- Born: Sao Paulo, Brazil
- Education: Universidade de Sao Paulo, Sao Carlos, Sao Paulo, Brazil California Institute of Technology
- Awards: International Centre for Theoretical Physics Prize (1989) Beckman Young Investigator Award (1992) Member National Academy of Sciences (2006) Fellow American Academy of Arts and Sciences (2009) Fellow Brazilian Academy of Sciences (2009) Fellow of the Biophysical Society (2013) Biophysical Society Founders Award (2023)
- Scientific career
- Fields: Biological Physics, Biophysics
- Workplaces: Rice University
- Thesis: New aspects of the theory of electron transfer reaction dynamics (March 1987)
- Doctoral advisor: John J. Hopfield
- Doctoral students: Margaret S. Cheung

= José Onuchic =

Brazilian-American physicist

José Nelson Onuchic (born Sao Paulo, Brazil) is a Brazilian and American physicist, the Harry C & Olga K Wiess Professor of Physics at Rice University. He does research in molecular biophysics, condensed matter chemistry, and genetic networks, and is known for the folding funnel hypothesis stating that the native state of a protein is a deep minimum of free energy for the protein's natural conditions among its possible configurations.
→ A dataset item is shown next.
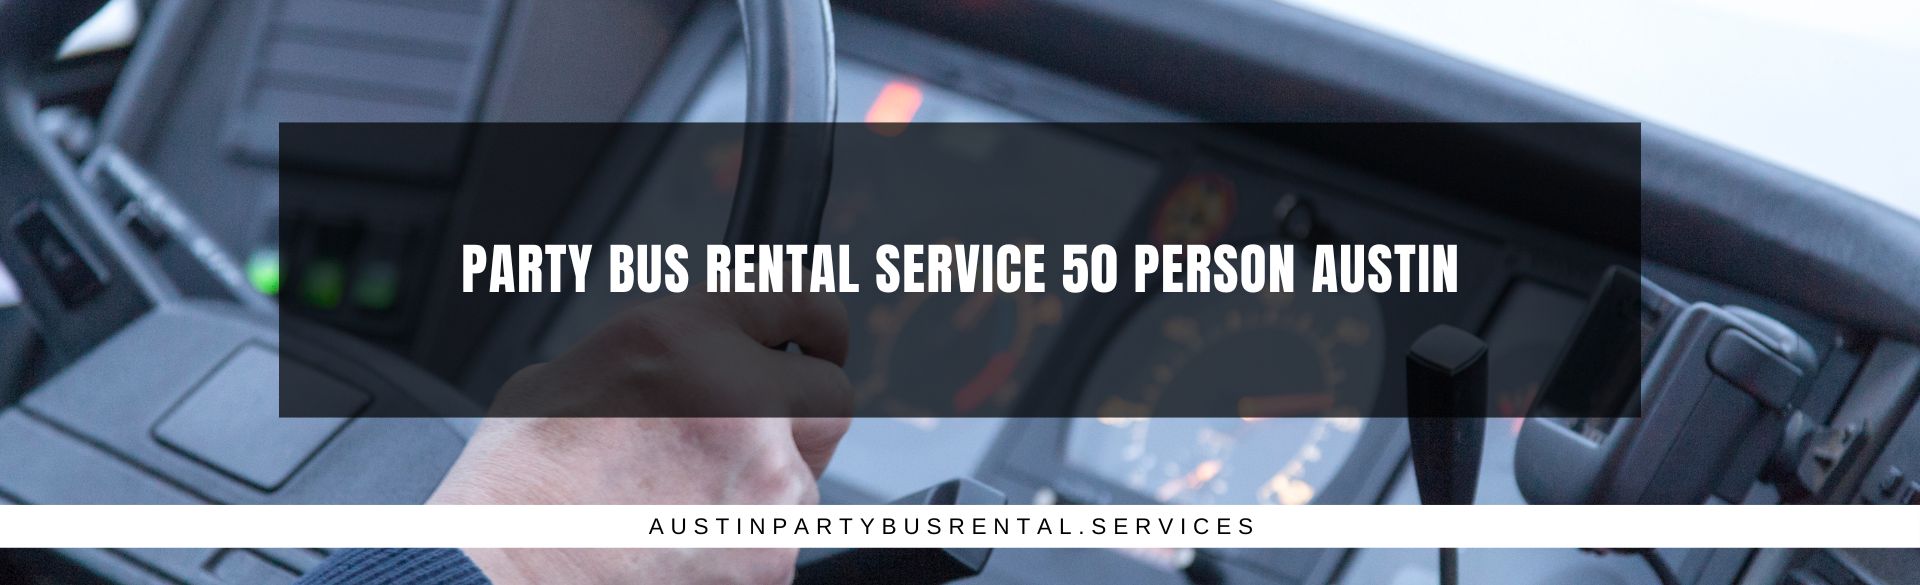 The Domain Party Bus - Austin Party Bus Rental
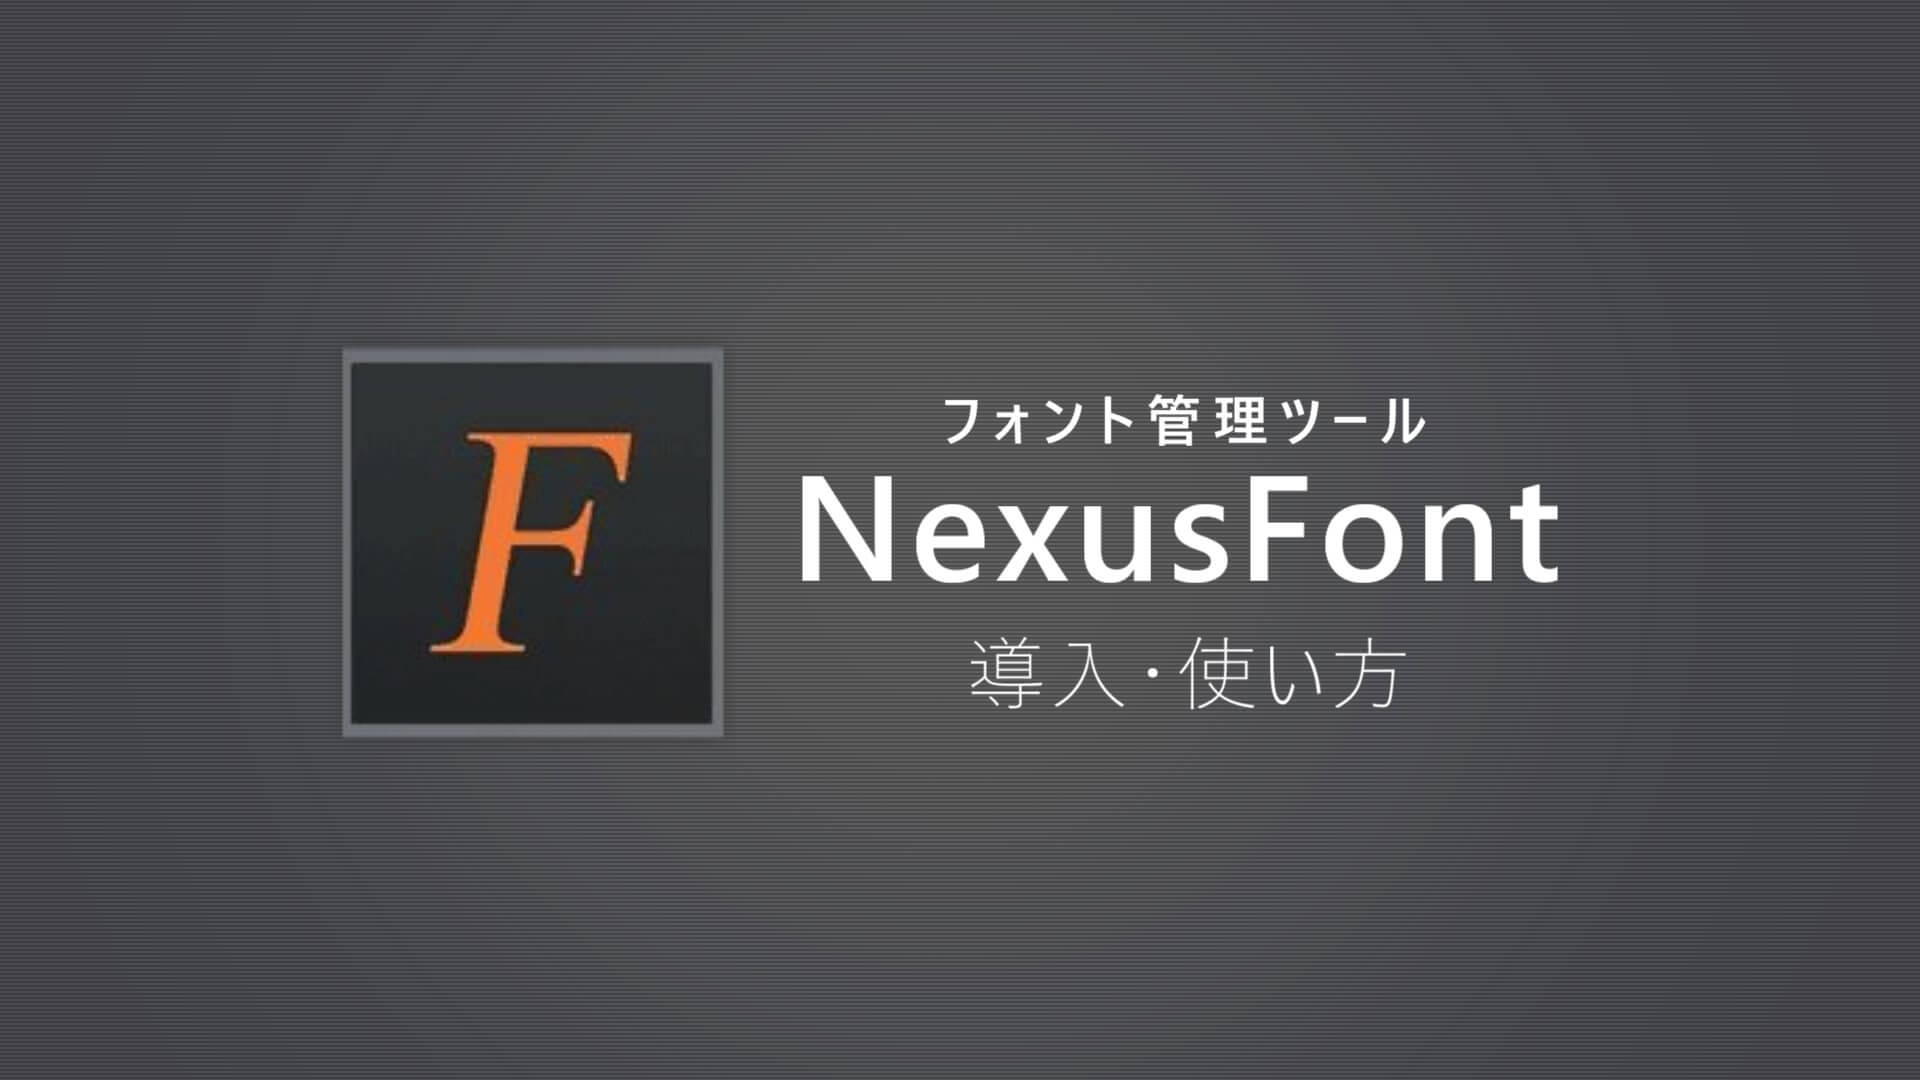 NexusFont

He was the college master for Lovett College at Rice University from 2014 to 2019.

==Education==
Onuchic studied at the University of São Paulo, where he earned a B.S. degree in electrical engineering (1980) and in physics in 1981. He subsequently earned his Master of Science degree in applied physics in 1982. He studied at the California Institute of Technology under John Hopfield, earning his doctorate in 1987.

==Academic career==
After postdoctoral studies at the University of California, Santa Barbara, and a brief faculty position returning to the University of São Paulo, he moved to the University of California, San Diego in 1990. He joined Rice University as the Harry C & Olga K Wiess Professor of Physics and Astronomy in 2011.

==Awards and honors==
Onuchic received a Beckman Young Investigators Award in 1992. He became a Fellow of the American Physical Society in 1995 and of the American Academy of Arts and Sciences in 2009. In 2012, he was named a Fellow of the Biophysical Society for "developing the widely recognized and highly regarded theory of energy landscapes and funnels that directs protein folding." He became a member of the U. S. National Academy of Sciences in 2006, of the Brazilian Academy of Sciences in 2009, and of the Pontifical Academy of Sciences in 2020.